I agree, but some people don't have a choice. I'm fortunate to have 3 grass ranges within 20 minutes of my house, 2 of which I get free balls at. Unfortunately, I hate hitting balls on the range, so I rarely take advantage of that luxury. :dunno:


----------



## Stuart StAndrew (Sep 9, 2010)

Like you am close to a number of real grass ranges, but many others I know are not. I think it would be a good idea to be able to simulate the rough - I know I am in it alot and not that great at getting out of it. Perhaps one section of the range could be long and bumpy!


----------



## Fourputt (Nov 18, 2006)

Stuart StAndrew said:


> Like you am close to a number of real grass ranges, but many others I know are not. I think it would be a good idea to be able to simulate the rough - I know I am in it alot and not that great at getting out of it. Perhaps one section of the range could be long and bumpy!

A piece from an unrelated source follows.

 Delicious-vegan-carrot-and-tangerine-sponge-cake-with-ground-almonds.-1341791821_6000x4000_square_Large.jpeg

I've never seen a range that could afford something like that. It's much harder to maintain deep grass under range conditions than it is the fairway height grass that I'm familiar with. Takes a lot longer to grow back when it gets beat up, so you actually need a larger area to serve the same amount of traffic.

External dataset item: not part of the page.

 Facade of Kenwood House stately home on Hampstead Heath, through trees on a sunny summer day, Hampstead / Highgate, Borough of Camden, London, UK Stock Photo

Most of the players I know who have trouble playing from the rough fail because they are trying to get too much from the shot. When your ball is in heavier rough, taking a 4I or 5I is NOT usually a good idea. Sometimes a hybrid will work where a mid or long iron will not, but other times you just have to suck it up and play a short iron or wedge and get the ball back in the fairway. 

In my opinion, practice isn't as important as just making good decisions, recognizing that you have a difficult lie, and then playing the shot that the lie requires. It doesn't take long to learn what you can and what you can't do in a given situation.


----------



## WindyDayz (Sep 9, 2010)

Fourputt said:


> I agree, but some people don't have a choice. I'm fortunate to have 3 grass ranges within 20 minutes of my house, 2 of which I get free balls at. Unfortunately, I hate hitting balls on the range, so I rarely take advantage of that luxury. :dunno:


If my only option was to hit off of fake turf I just wouldn't practice. Honestly. It's not even close to real impact.


----------